Trisha Yearwood, Robert Bailey, Vicki Hampton and Karyn Rochelle harmonize at the Orpheum

It feels like Trisha Yearwood’s music career has been on hold for too long.

Now in her 15th season of her Food Network cooking program, she just released her first studio album of new material in 12 years. And on Saturday night at the Orpheum Theatre, she headlined her first Twin Cities concert in five years, though it seems longer.

Her 90-minute performance reminded a full house what a lovely voice Yearwood has -- and what a terrific talker she is.

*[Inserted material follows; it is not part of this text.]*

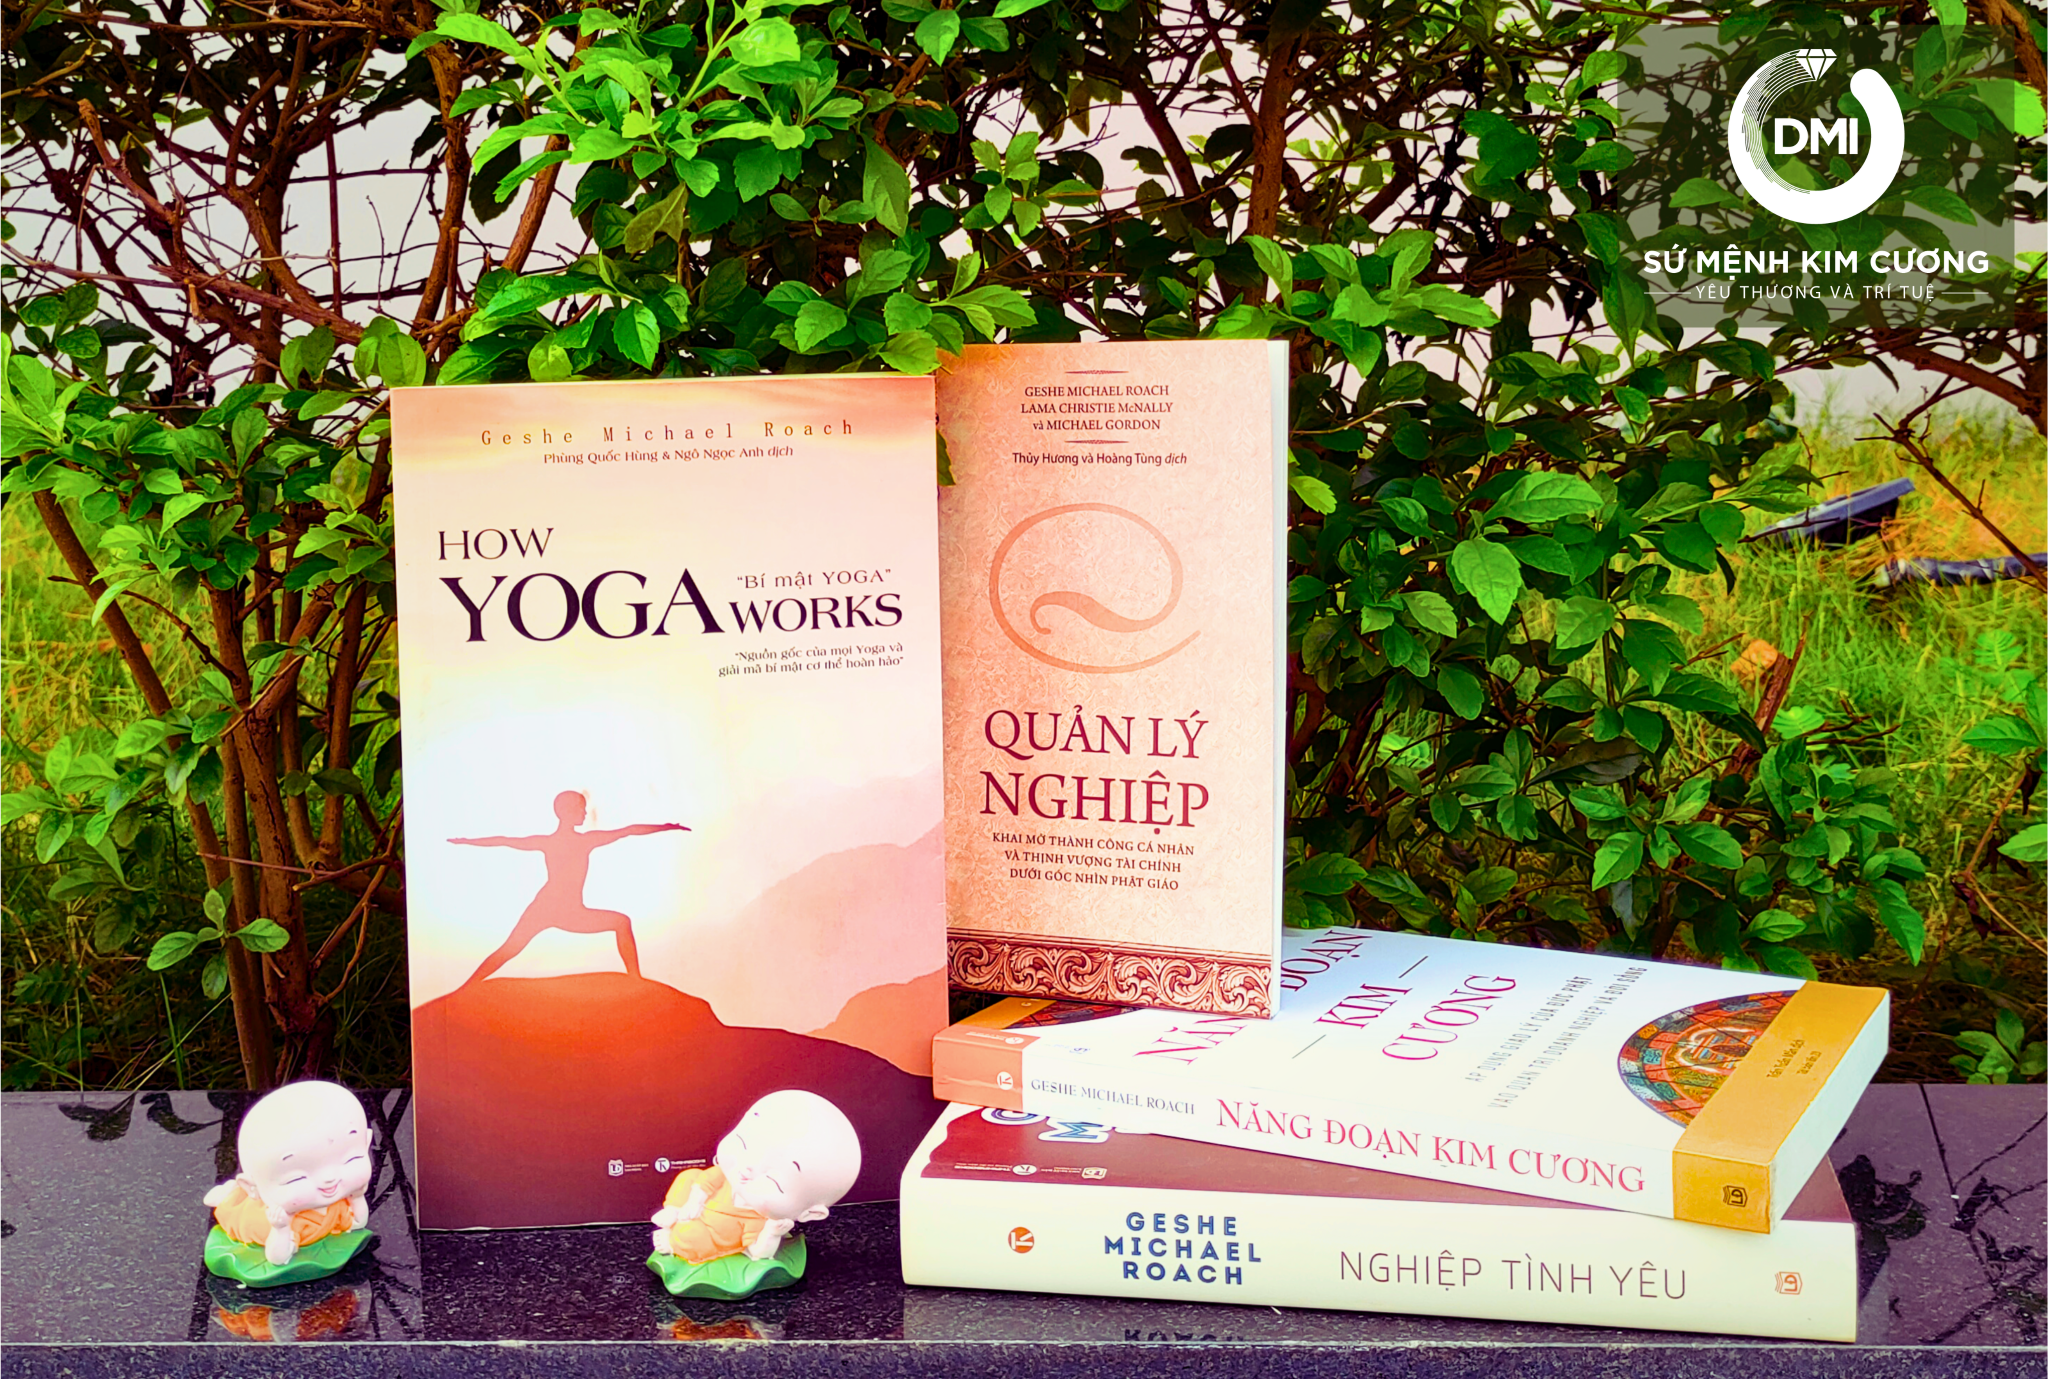 Sách "Bí mật yoga" của Geshe Michael Roach ra mắt độc giả Việt-3

As with her TV show, her concert isn’t scripted. So, at the risk of calling this the Oversharing Tour (her words), the chatty Georgia native shared about the challenges of going through menopause. And then she mused that when Beyonce confronts menopause, she’ll just say “Stop.” And it will.

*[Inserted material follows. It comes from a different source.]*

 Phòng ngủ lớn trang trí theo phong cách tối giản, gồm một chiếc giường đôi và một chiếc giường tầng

Yearwood, 55, interacted with vocal fans like the one who wanted to tout the Gopher football team’s victory over Penn State; Yearwood countered that she’s a Georgia Bulldog and was more interested in the high-profile SEC clash between LSU and Alabama. Honest response but it fell on deaf ears.

When it comes to singing, Yearwood could do no wrong, though the sound mix sometimes buried her voice. (It might have helped if the small cluster of speakers had been suspended instead of situated on the stage.)

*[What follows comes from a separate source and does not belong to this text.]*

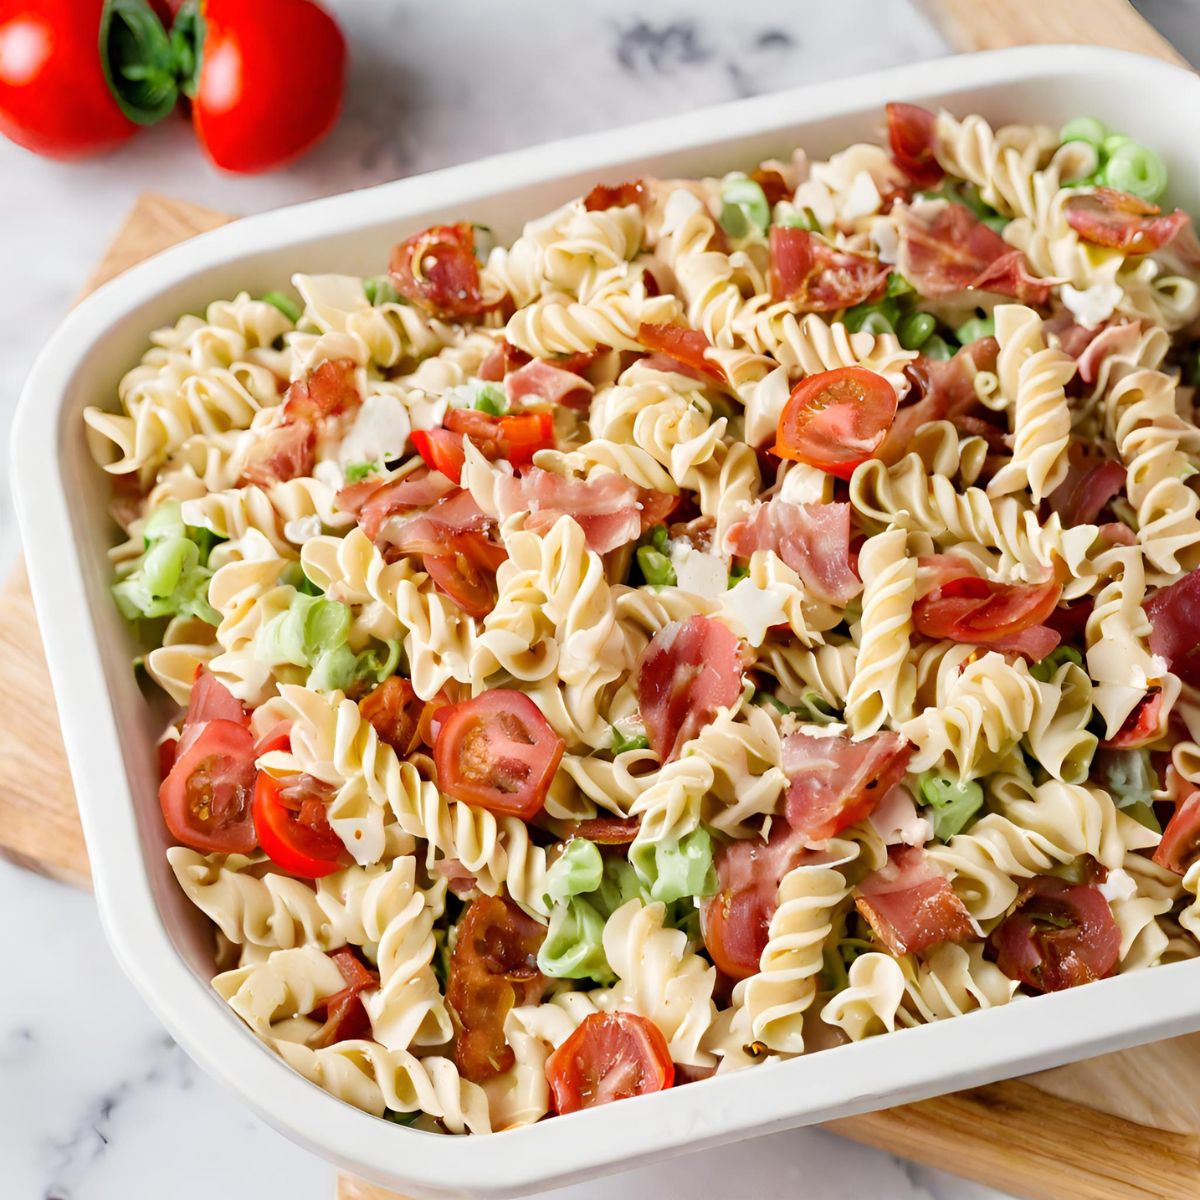 BLT Pasta Salad Recipe “Simple, Flavorful Dish”

Twenty-eight years into her recording career, Yearwood still sounded splendid on ballads including “Georgia Rain,” “The Song Remembers When,” “Walkaway Joe,” “How Do I Live,” “On a Bus to St. Cloud” and the Frank Sinatra saloon song, “One for My Baby (and One More for the Road),” from the first of her two 2019 releases, “Let’s Be Frank,” a collection of Sinatra-associated standards.

Props, too, for a rote but spot-on reading of Linda Ronstadt’s “You’re No Good,” which manifested the richness and potency of Yearwood’s voice. Ditto for her own soulfully smoky “Wrong Side of Memphis.”

Some of Yearwood’s up-tempo oldies like “She’s in Love with Boy” and “XXX’s and OOO’s (An American Girl)” sounded like dated 1990s country-pop. Her new single, “Every Girl in This Town,” felt a little generic. “Workin’ on Whiskey,” another new track from this summer’s “Every Girl” album, didn’t seem like a good metaphor for someone not associated with drinking songs.

However, the new “Bible and a .44,” a salute to a righteous father, was the kind of sentimental winner that plays well with country crowds just about anywhere.

Well aware that she was in Minnesota, Yearwood gave a nod to us by saving the wistful “On a Bus to St. Cloud” for her final number, ending it by humming Prince’s “Purple Rain.” That would have been an artful touch to finish it. However, she then offered the first verse and chorus after chorus and sing-along “woo-hoo-hoo-hoos” of the Prince classic, a cliched move by singers visiting the Twin Cities.

After spending the last several years as a special guest on hubby Garth Brooks’ tours, Yearwood mentioned him a few times but didn’t share that he was backstage. However, she did let everyone know that they share musicians.

Onstage, she was accompanied by fiddler/guitarist Jimmy Mattingly and backup singers Robert Bailey and Vicki Hampton from Garth’s band, as well as guitarist Johnny Garcia, keyboardist Steve Cox and singer/songwriter/acoustic guitarist Karyn Rochelle, who are in her band but have merged into Garth’s.